Segment Open

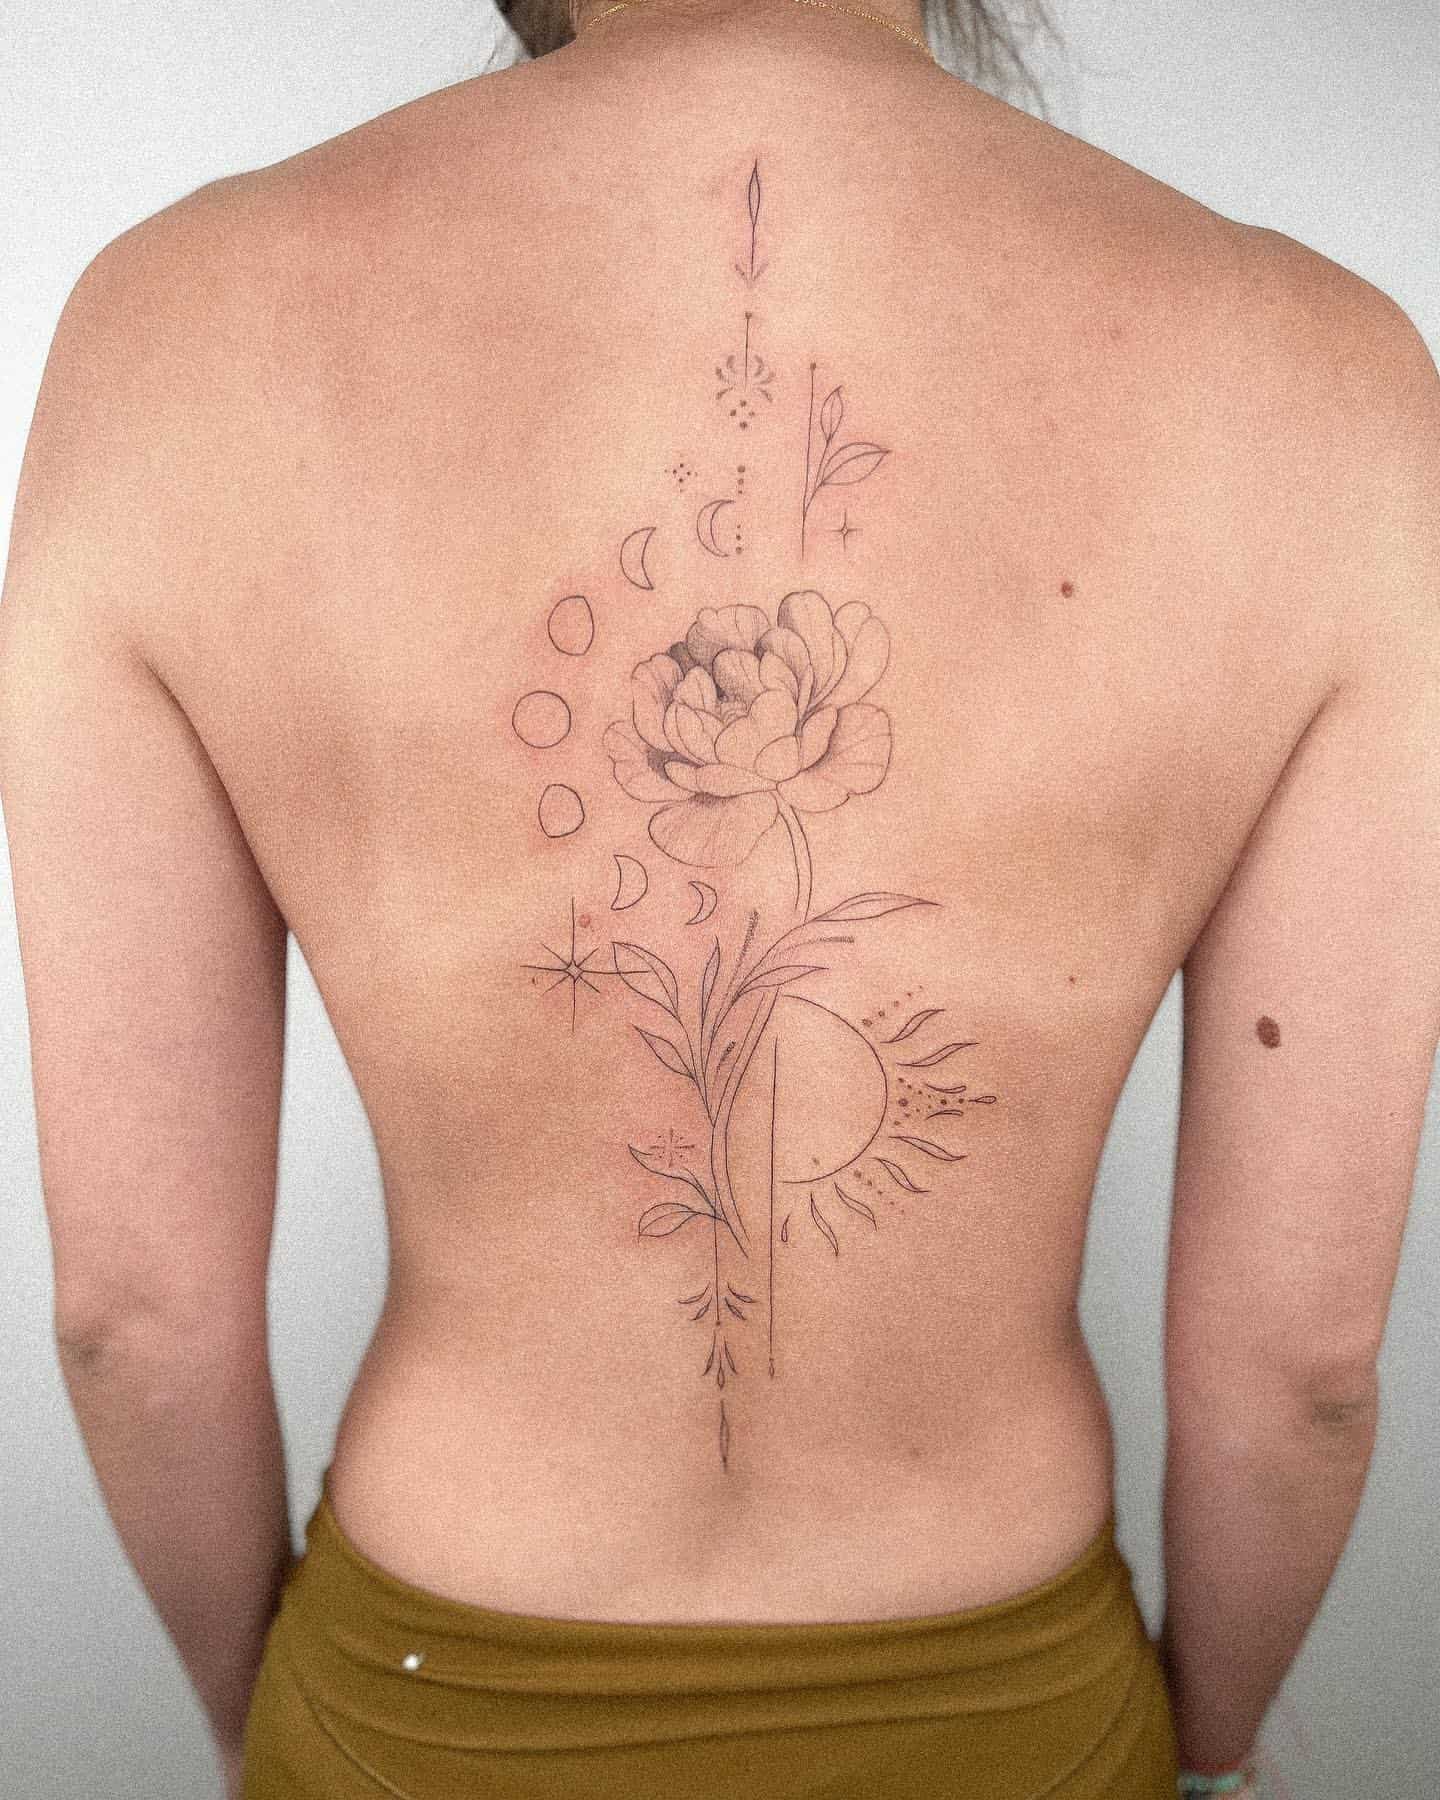 Tattoolanka - Minimalist Spine Tattoo Design with custom... | Facebook
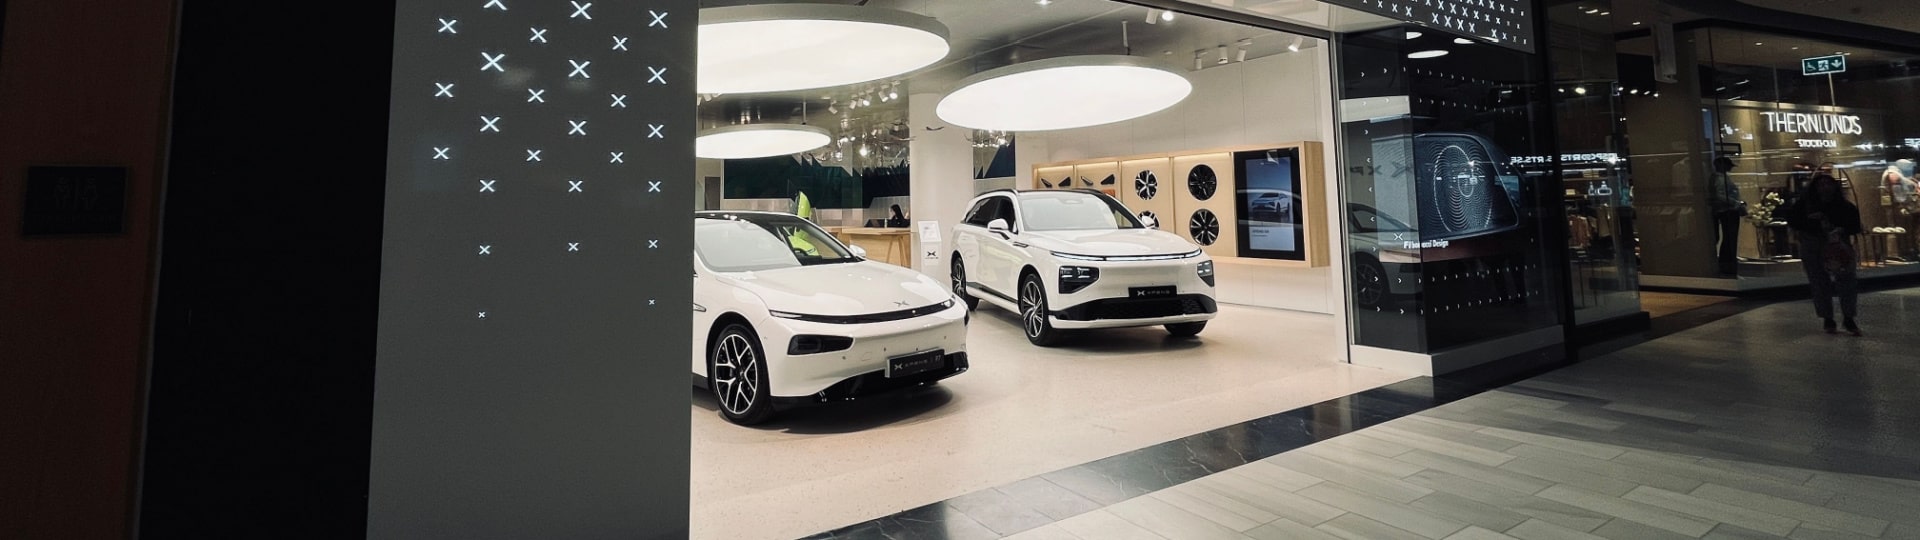 Čínský výrobce elektromobilů Xpeng chystá další expanzi v Evropě
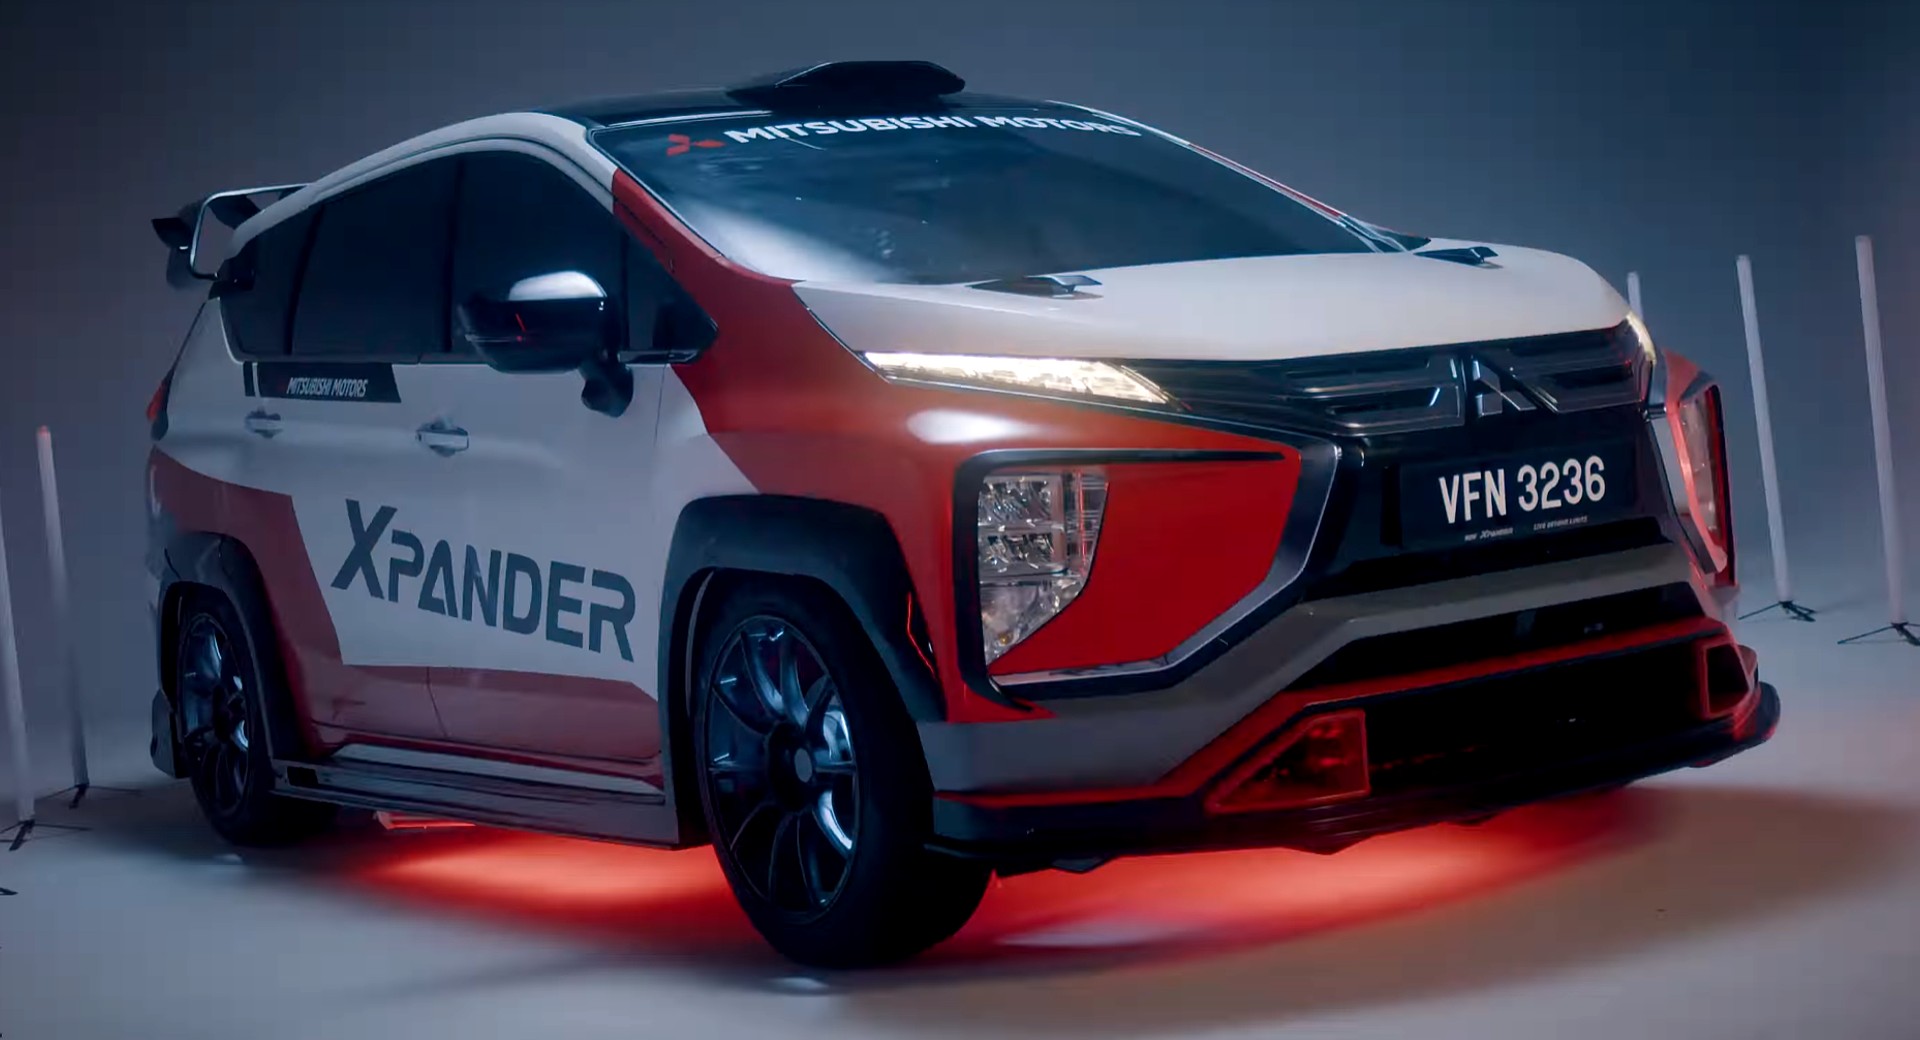 Un Mitsubishi XPander par Speedline Industries veut ressembler à une voiture de rallye
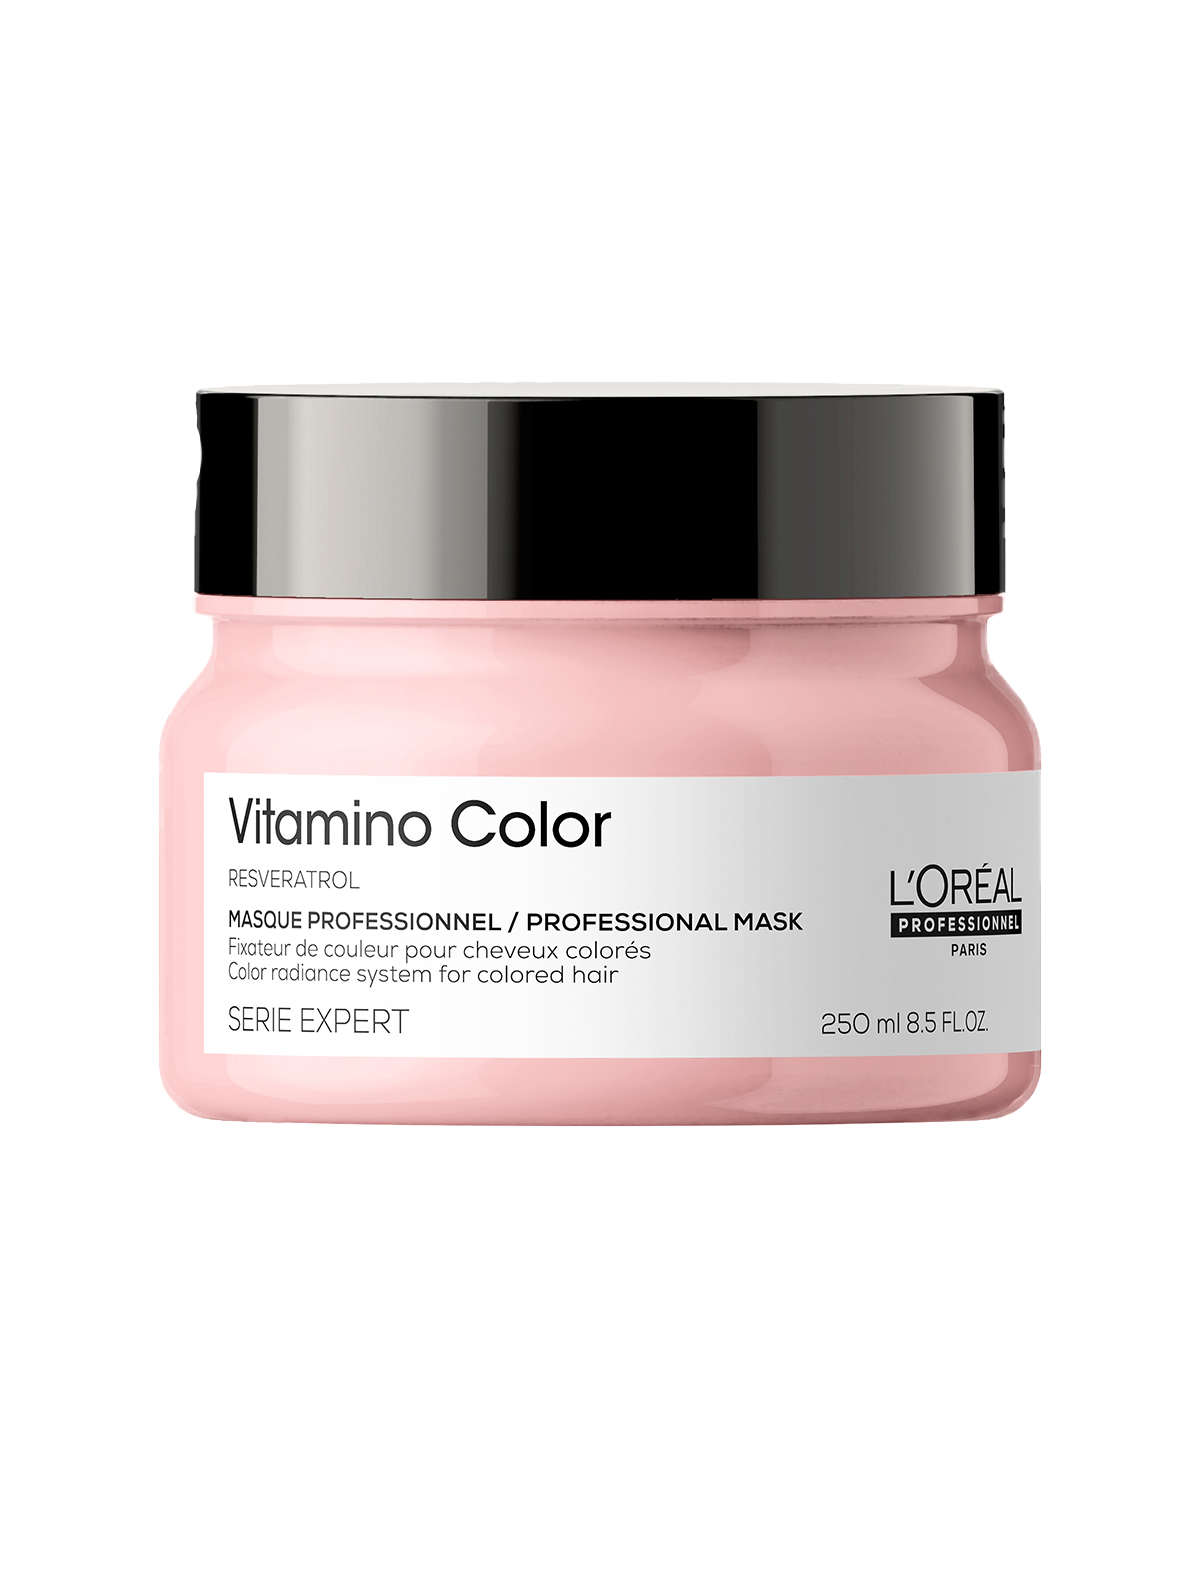 L'Oreal Vitamino Color Masque 250ml
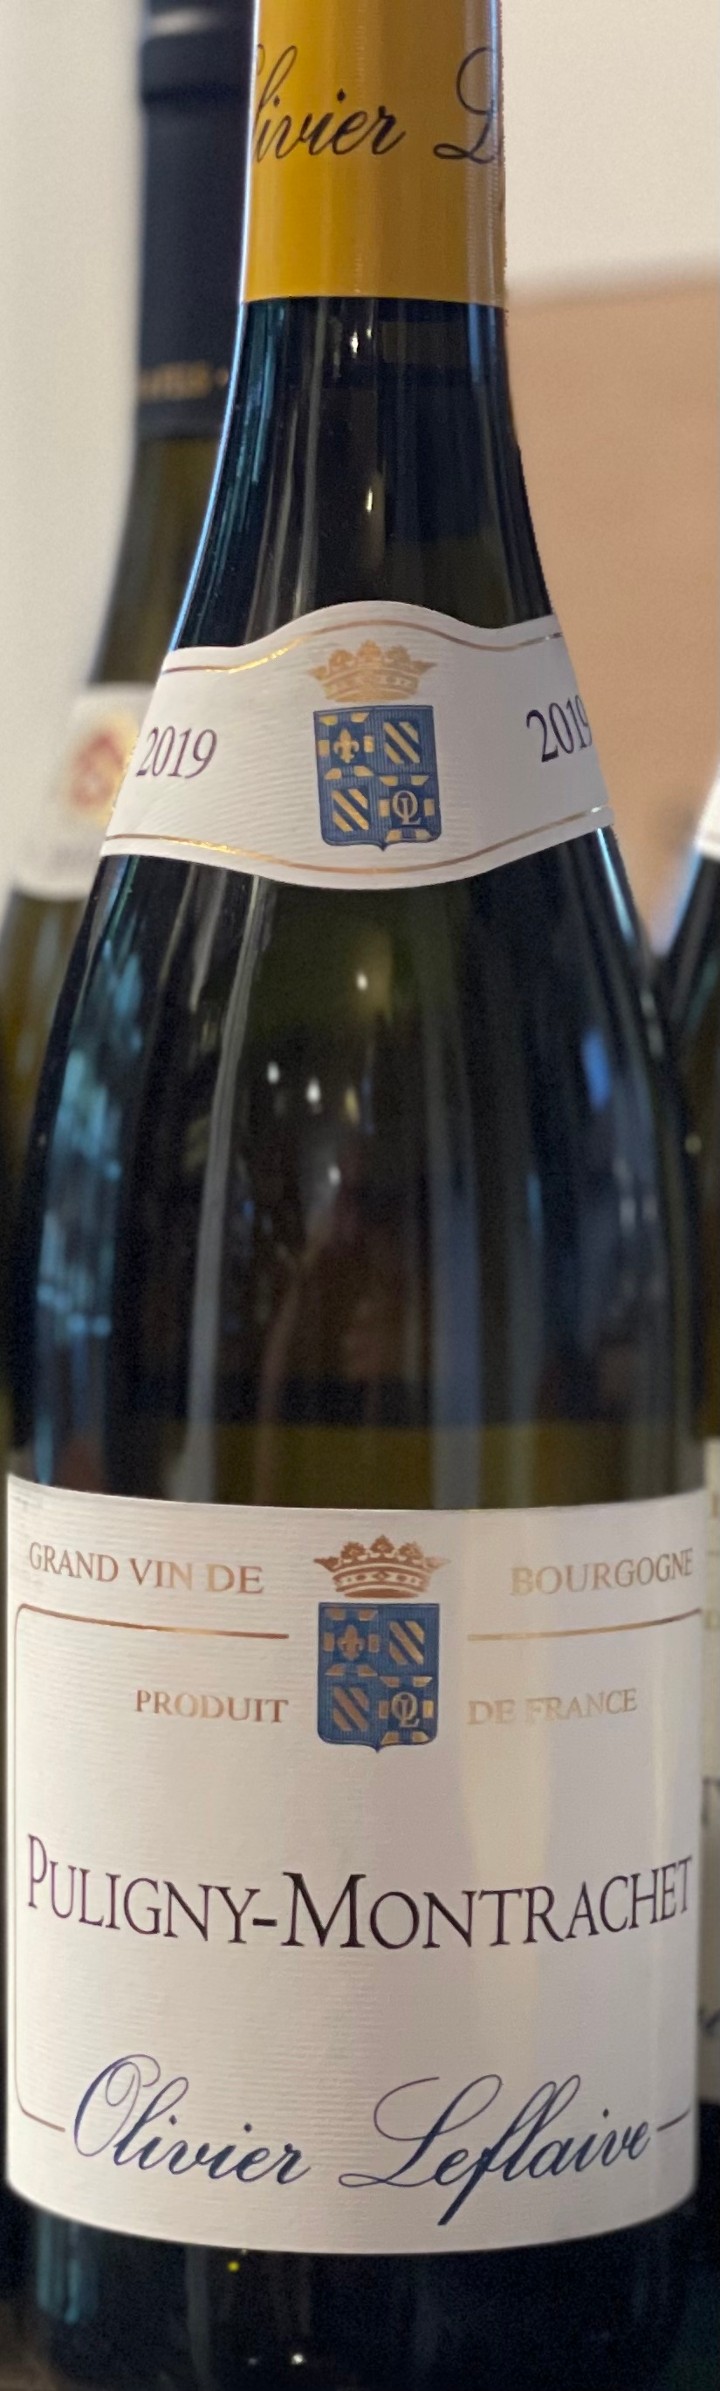 Olivier Leflaive Puligny- Montrachet Grand Vin 2019

Segment Closed

- What the exercise asks
All of the data is to be returned exactly, with no pictures included.

- Task result
 Tattoolanka - Minimalist Spine Tattoo Design with custom... | Facebook
 Čínský výrobce elektromobilů Xpeng chystá další expanzi v Evropě
 Un Mitsubishi XPander par Speedline Industries veut ressembler à une voiture de rallye
 L'Oreal Vitamino Color Masque 250ml
 Olivier Leflaive Puligny- Montrachet Grand Vin 2019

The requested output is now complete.